DVD roundup: background music edition

It would be super easy to dismiss Damien Chazelle's La La Land. It's "ripping-off" of 50's Hollywood musical's, Ryan Gosling's and Emma Stone's mediocre dancing and singing skills, and of course, the absolute cock-up that was the mistaken Best Picture award faux-pas at this years Academy Awards. It may be these things, but it is ultimately much more. Chazelle manages to create a wonderfully told homage to the much maligned musical. You fall for these characters, and the ending brings an unexpected twist to the usual happy ending (although, that has managed to piss off a bunch of people too). It even made Richard cry, and he was sure he was going to hate it. Listen to our podcast review in the player below.

Is there a video game movie out there that is actually good? Assassin's Creed is a massively popular game, and Michael Fassbender is a great actor, but together they've made a lacklustre stab-fest. Lambasted for being boring and generally dull, it's probably a fan for those who like to dissect the differences between games and movies.

Manchester By The Sea has won plenty of awards and accolades for its story of grief and loss, and Casey Affleck has achieved acclaim for his central performance as a man who has to confront his past when he becomes the sole guardian of his dead brothers son.
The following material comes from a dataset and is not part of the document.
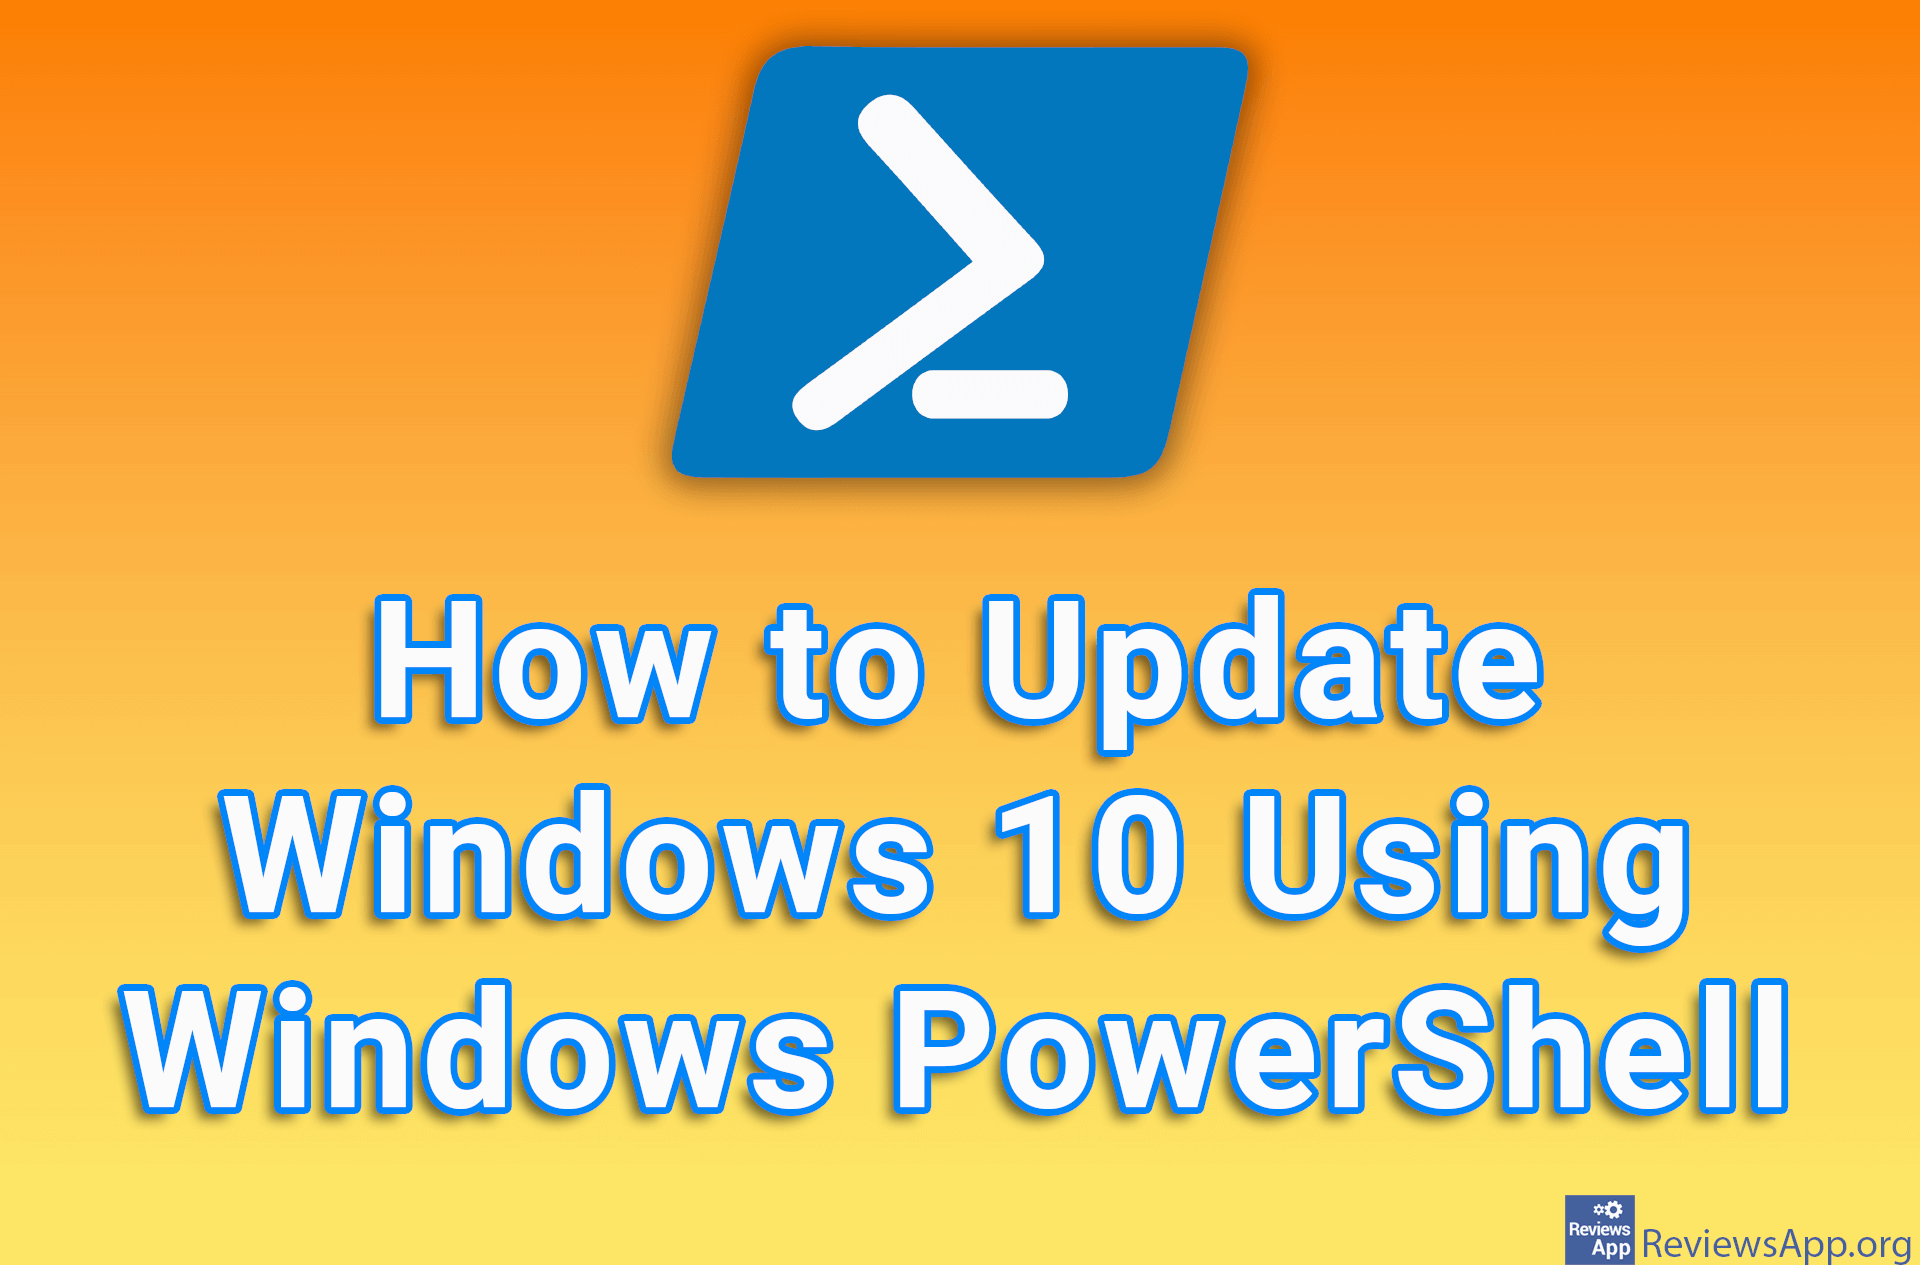 How to Update Windows 10 Using Windows PowerShell

It's a movie I want to see, but the premise seems so depressing, I feel like I'm going to have to go in with a strong state of mind to avoid being overwhelmed.

Season two of Netflix's Daredevil is out now on DVD for those of you that don't have the streaming service. Bringing Elecktra and the Punisher into the mix, plus the return of Vincent D'onofrio as Fisk, one of Marvel's TV/cinema universe's better villains. Catch up on Richee's review of season two here.

Mad Max: Fury Road was one of the most stellar sequels in a world of mediocre sequels, and revamped interest in the series, whose last film came out twenty years previous. The films cinematography and use of colour was a major draw, providing bold uses of colour to the normally drab apocalyptic genre, but rumour had it that a black and white version of the film existed somewhere, and that it was much better. Now, two years later, we finally get the Black & Chrome edition. While the explosions may have been diminished, the psychological aspects are played up, which is especially exciting for a film whose effects can blind its story.